Все гадливо заулыбались, в том числе и Калашников – редакция уже второй год обсуждала на все лады негласную войну между штатным репортёром газеты Сергеем Бянко и заместителем главного редактора Владимиром Ивановичем Воскутковым.
– Хорошо, пусть будет так, – подытожил Калашников. Посмотрев на стажёра, сказал. – Кадровик тебя оформит с сегодняшнего дня, пока походи, осмотрись, скоро появится Бянко, будешь выполнять его задания, постигать науку журналистики на практике!
Как раз в это время в редакционный зал пришёл Сергей. Он бухнул сумку на свой чистый стол, устало сел в маленький катающийся стульчик с гнутой спинкой и незряче уставился перед собой. Писать про отца Боуна и его придурков было в напряг.
К нему весело подскакал Фруев – сорокалетний мужичок с длинными волосами, неопрятный и пахнущий чесноком.
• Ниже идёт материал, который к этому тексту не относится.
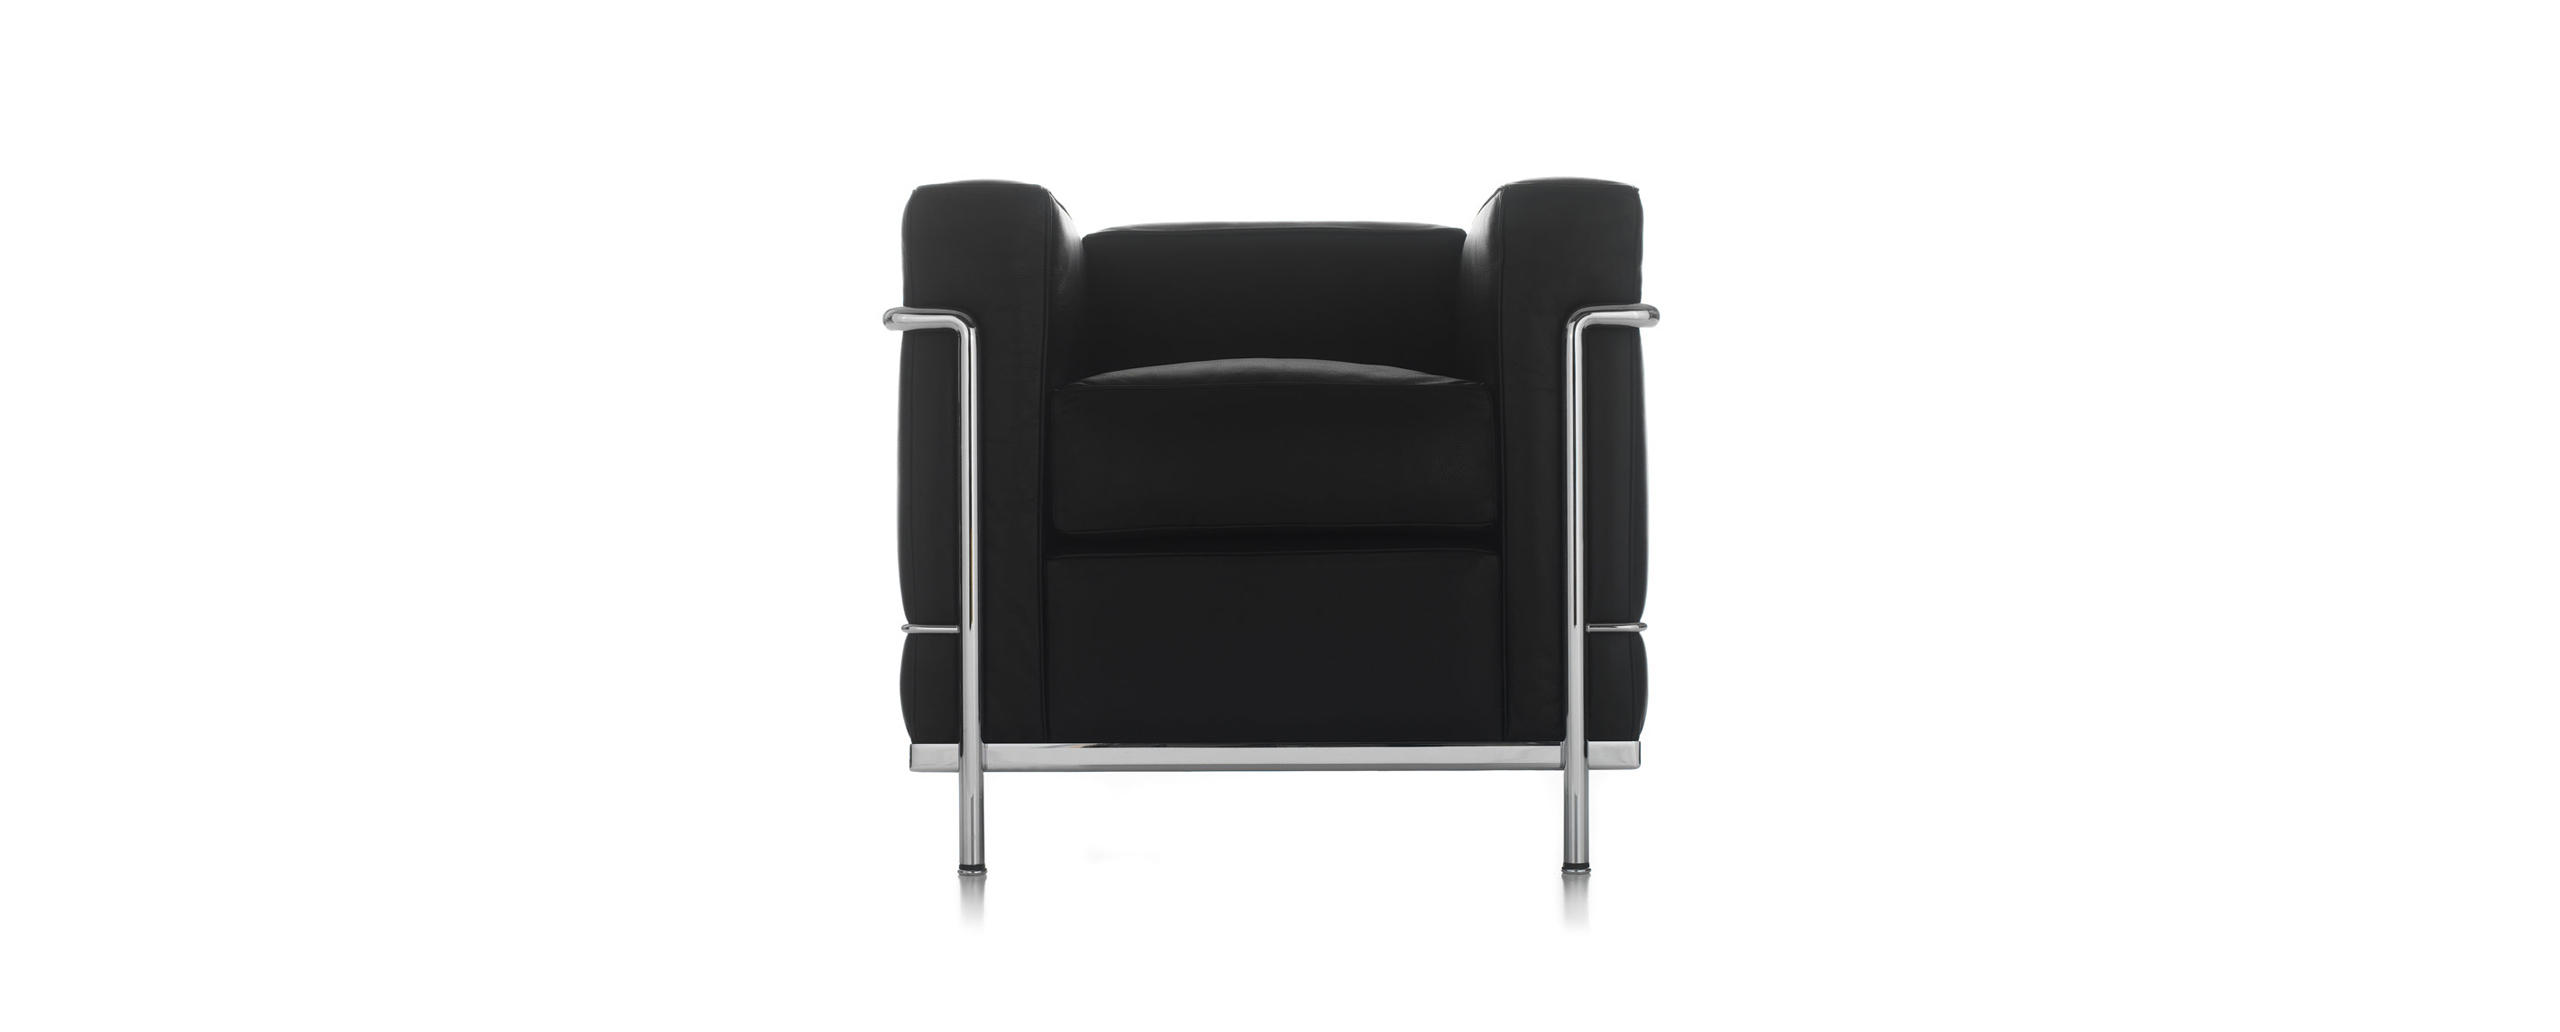 beautiful le corbusier cassina gallery. Black Bedroom Furniture Sets. Home Design Ideas

Его все терпели через силу, но Фруев был отменный писака, и Калашников не помышлял о расставании с этим бомжеподобным товарищем.
– Хочешь, обрадую? – спросил Фруев.
– Ну?
– Тебе подкинули стажёра.
– А-а.
– Знаешь, как зовут?
– Как?
– Анус.
– Слушай, Фруев, твои плоские шутки уже вот где. Мне эти анусы сегодня за день без тебя надоели, во как!